Eventually she finds that she is tired. She is surprised to discover the day’s light is fading. She hasn’t eaten since morning, and still she has no appetite. In the early hours of the following day she finally falls asleep, and wakes much later to discover that she left all the lights in the house on.
Matt calls — he hasn’t seen the house since the big clear-up — and she shows him about. He’s unimpressed by the details she’s most proud of — the technical aspects of the house — good use of space, maximization of brightness, clever and practical lighting. “What’s the use in getting into a lather about all this stuff — a house is a house, that’s all,” he says dismissively. Almost grudgingly he concedes that the finish on the plasterwork is
excellent. He shows no interest whatsoever in the proposed kitchen, lighting a cigarette and inhaling as she tries to explain the outline sketches, exhaling smoke and waving away the plans and asking her how she could possibly imagine he’d ever care about such niceties. “It’s women who find those things interesting,” he declares. “They’re always buying pricey magazines and watching makeover programs on the telly. Why does the appearance of a place matter? Who gives a damn?”
“Don’t be a sexist bastard,” she chides, but she knows he isn’t. She’s cast down by his reaction although she tries to make light of it. “I thought you’d be impressed,” she confesses. “A lot of thought went into making the place work.”
“I can see that it has been well done, but I’ve no curiosity about the finer points. You’re wasting your time trying to stir me up over them,” he says. “I’m more interested in function than appearance. I’d be hard put to tell you the colors of the carpets, curtains, and furnishings in my own house.”
She’s disappointed but perhaps she should have known.
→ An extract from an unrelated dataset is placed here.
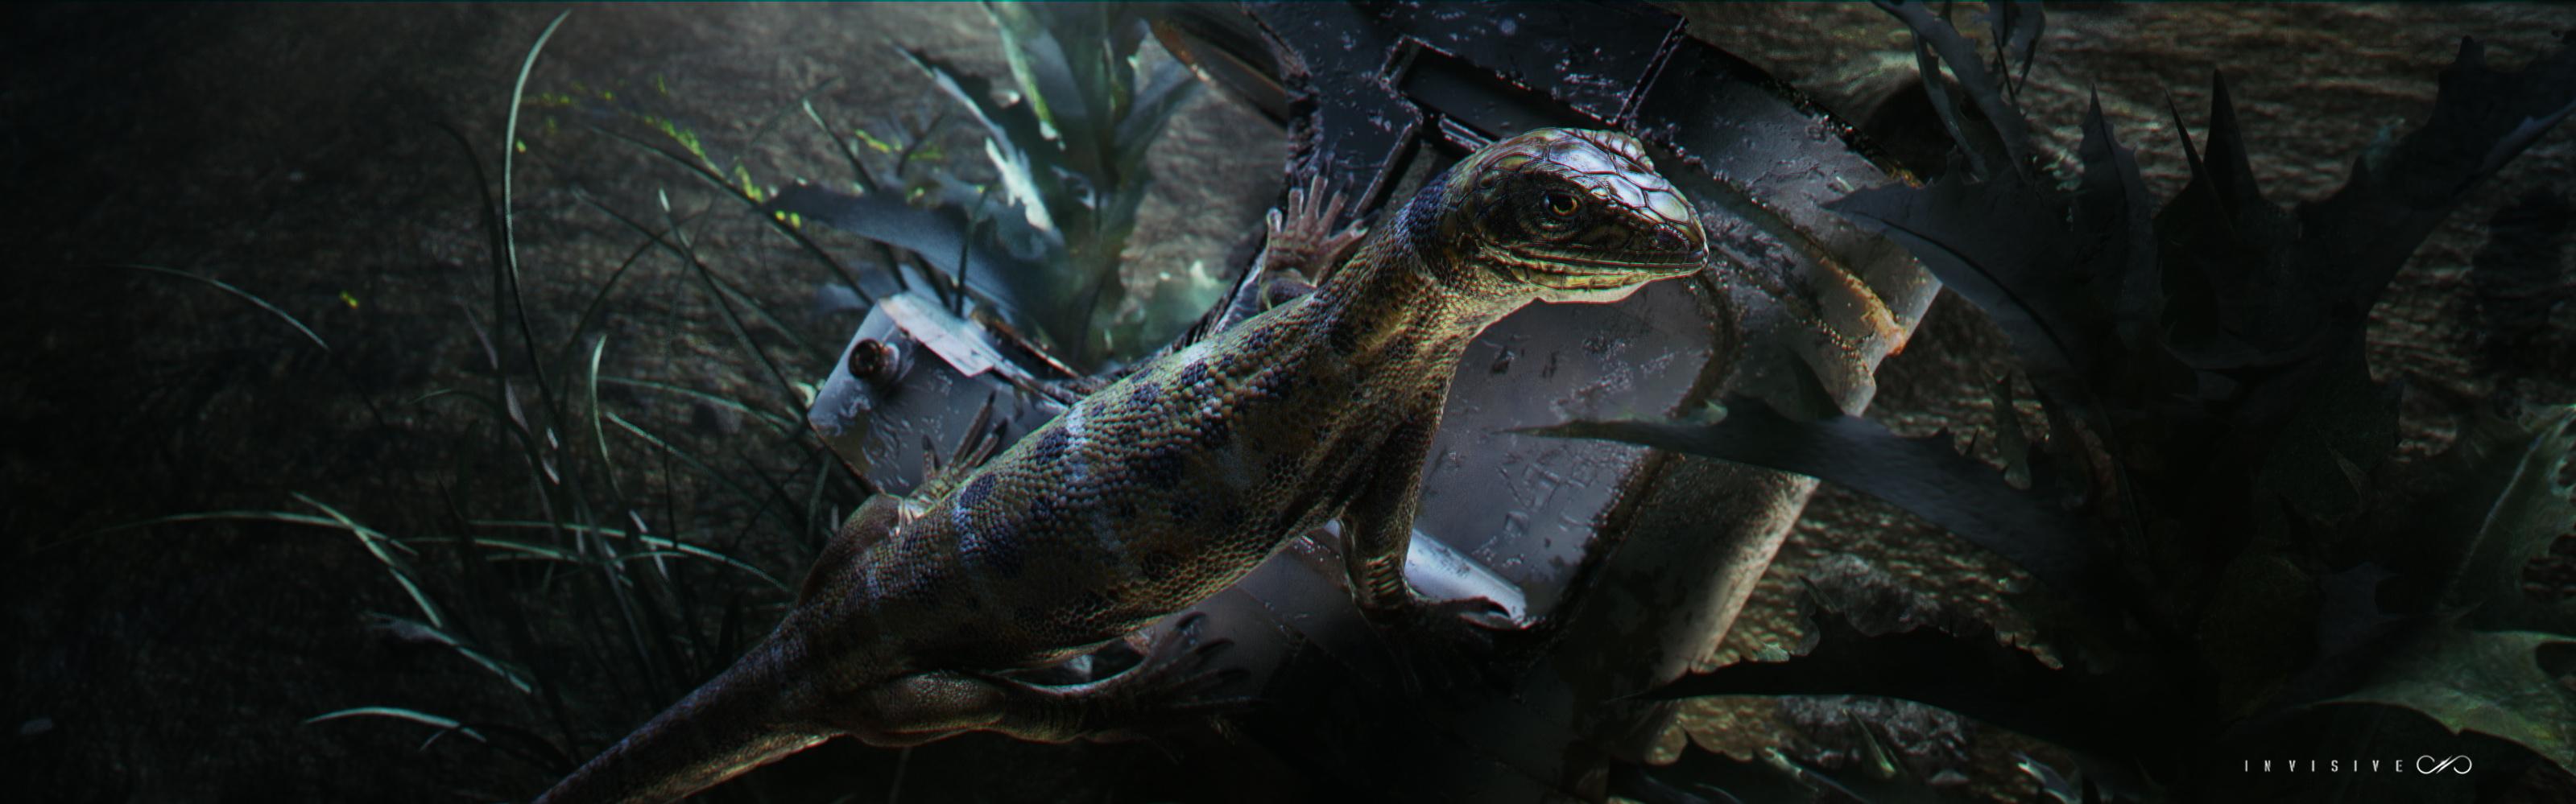 Test render of lizard

His sense of aesthetics extends no further than the books he enjoys reading, the music he appreciates, and the paintings and sculptures he admires. By the standards of his generation, he’s a cultured man, widely read, politically aware, and sensitive to cultural matters. Taste is an adjunct to prosperity, she reflects. He grew up in a time when money was in short supply, when basic survival and comfort were important, when the look of something was secondary to its cost.